Aquelas palavras eram particularmente significativas. Enquanto nem todos podiam saber que tínhamos um grupo para onde voltar, Paulina sabia, e estava abertamente nos estendendo o convite. Talvez também pensasse que uma amizade com outro grupo poderia ser benéfica.

— Se cuida, gata — Leonardo falou enquanto me envolvia em um abraço forte. Felizmente o fato de eu ter recuado na noite passada não tornara as coisas constrangedoras.

— Você também. Antes que eu me esqueça... — Desamarrei a bandana que tinha no braço, a que Leonardo me emprestara há algumas noites. Como prometido, estava lavada e entregue de volta.

— Fica com ela — sorriu, talvez simplesmente por eu ter me lembrado, mas só deu um aceno de cabeça — mas emprestada, quem sabe algum dia você passa aqui de novo para devolver.

Devolvi o sorriso e a amarrei de volta no braço. Notei os olhos de Melissa sobre nós.

— Agradecemos muito pela hospitalidade de todos, que Deus os abençoe — Tom deu um último aceno quando já nos dirigíamos portão afora. Perguntei-me se ele ainda acreditava em Deus. Eu não.

Com o coração pesado, dei uma última olhada para aquela escola velha e seus moradores com quem dividimos nossas últimas refeições, e quem, há poucos dias, temíamos. Pensei em como tomamos a decisão de ir atrás da informação que Hector e Alex trouxeram, e que se tivéssemos nos mantido em nossa protegida ignorância, nunca teríamos conhecido aquelas pessoas boas, que lutavam assim que nós para viver cada dia.

Era engraçado como o apocalipse nos fazia envelhecer anos em somente dias. Hoje já me considerava uma Rebeca com uma percepção bastante diferente de alguns dias atrás. Meu coração estava dividido entre ansiar pela segurança do condomínio e pensar que poderia nunca ter descoberto o que existe por trás dos muros de casa.

Para a nossa surpresa, encontramos Hector no ponto de encontro, mas junto com ele o HB20 no qual viemos até a cidade, que deveria estar estacionado a quase uma hora de viagem.

— Hector, você foi buscar sozinho?

O garoto, apoiado casualmente ao lado do carro com dois corpos de zumbis aos seus pés, ajeitou os óculos antes de sorrir para nós:

— Acordei cedo e pensei em poupar tempo pra gente. Conseguimos chegar para o almoço se corrermos.

Não contive um sorriso, mas a expressão de Tom era franzida:

— Hector, poderia ter acontecido algo com você e jamais saberíamos. Sei que quer voltar para casa, mas não devia se arriscar assim.

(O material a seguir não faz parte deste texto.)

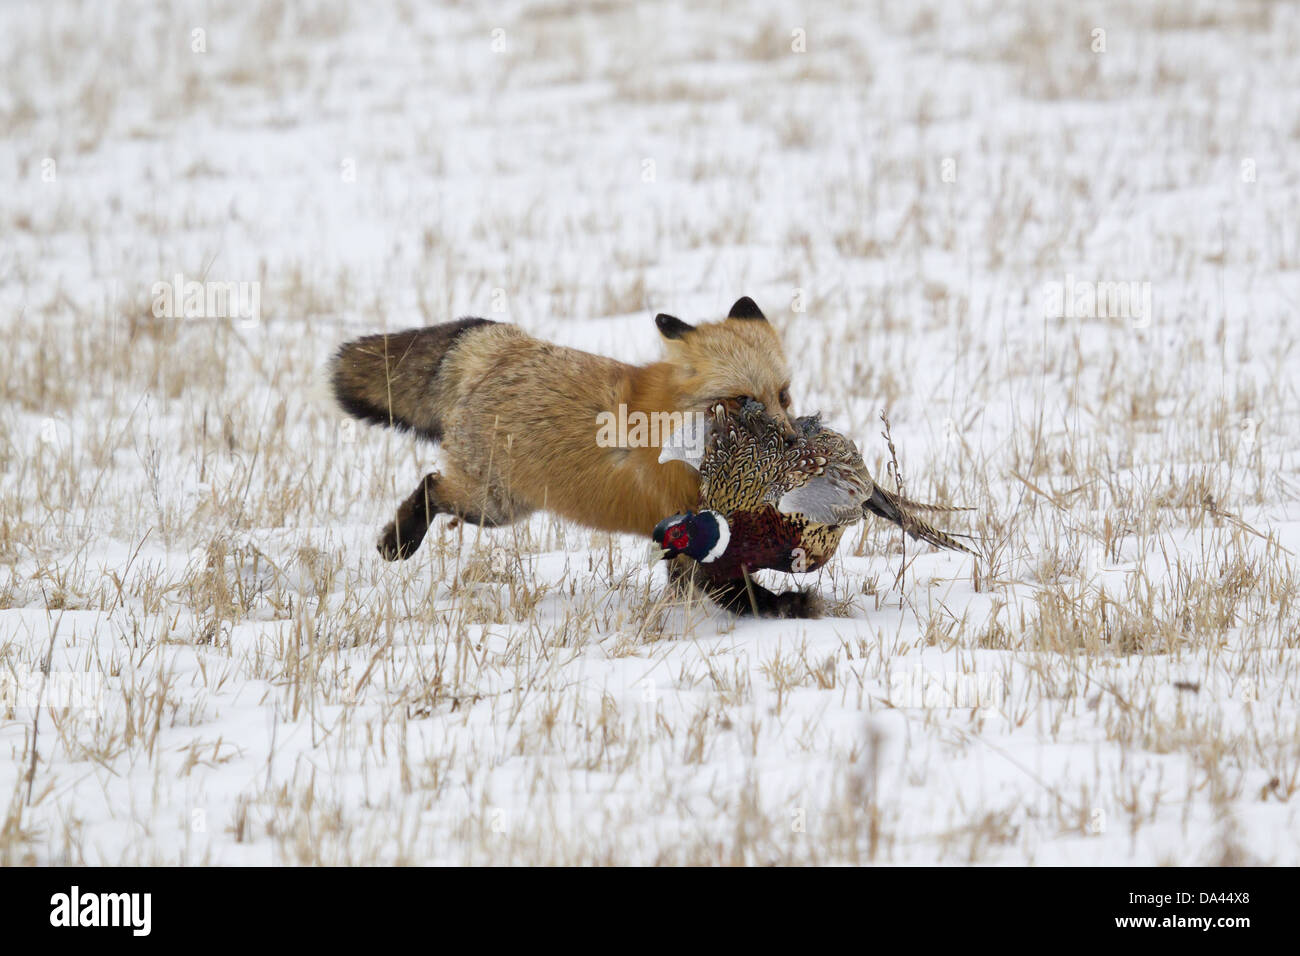 American Red Fox (Vulpes vulpes fulva) adult female running in snow covered field with Common Pheasant (Phasianus colchicus) Stock Photo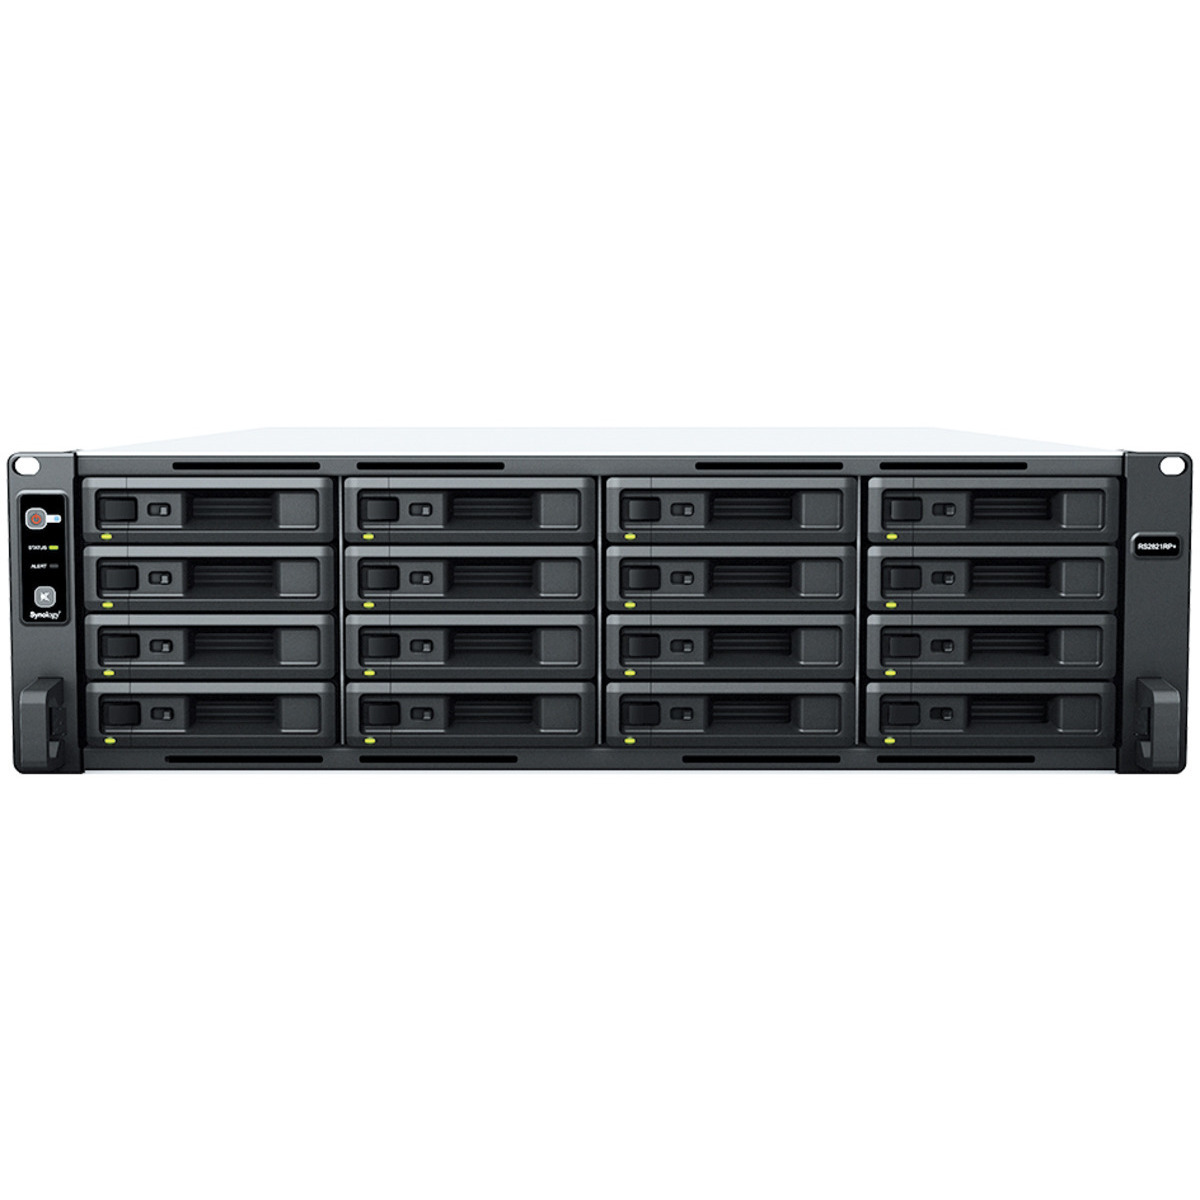 Synology RackStation RS2821RP+ 44tb 16-Bay RackMount Large Business / Enterprise NAS - Network Attached Storage Device 11x4tb Western Digital Red SA500 WDS400T1R0A 2.5 560/530MB/s SATA 6Gb/s SSD NAS Class Drives Installed - Burn-In Tested RackStation RS2821RP+

Ele deu de ombros e sorriu discretamente para mim assim que Tom terminou a bronca, e não pude deixar de devolver o gesto. Tom podia estar certo quanto a precaução, mas de certa maneira, às vezes sentia que poderia encontrar aquela mesma sensação de segurança perto das pessoas certas.


✘✘


— MEI! — Gritei o mais alto que pude assim que chegamos em frente ao portão. Teria estranhado o fato dela não ter ouvido o barulho do carro, se não estivesse vendo o amontoado de pelos laranjas deitado contra a janela de vidro do segundo andar.

Tom me olhou feio enquanto abria o portão da frente. O fazia manualmente mesmo tendo luz elétrica, pois usar o controle fazia barulho. Era meio hipócrita que eu descesse do carro gritando e ele estava certo, mas dessa vez não conseguia me conter de ansiedade. Teria prazer em matar sozinha os zumbis que eu tivesse atraído, mesmo que os arredores do condomínio estivessem vazios.

Vi de longe as duas orelhas escuras ficando em pé e logo depois o borrão de pelos já era um relâmpago correndo. Pela janela que ocupava de canto a canto da parede, também vi que Guilherme estava sentado, até então distraidamente acariciando minha cachorra, com Alex em uma poltrona ao lado.

— Amor! — Carol cantarolou, saindo porta afora da casa maior. Como o grupo que estava fora consistia de três moradores da casa maior e seu marido, não me surpreenderia que Carol tivesse optado por ocupar um dos quartos que deixamos vazio enquanto Tom estivesse fora.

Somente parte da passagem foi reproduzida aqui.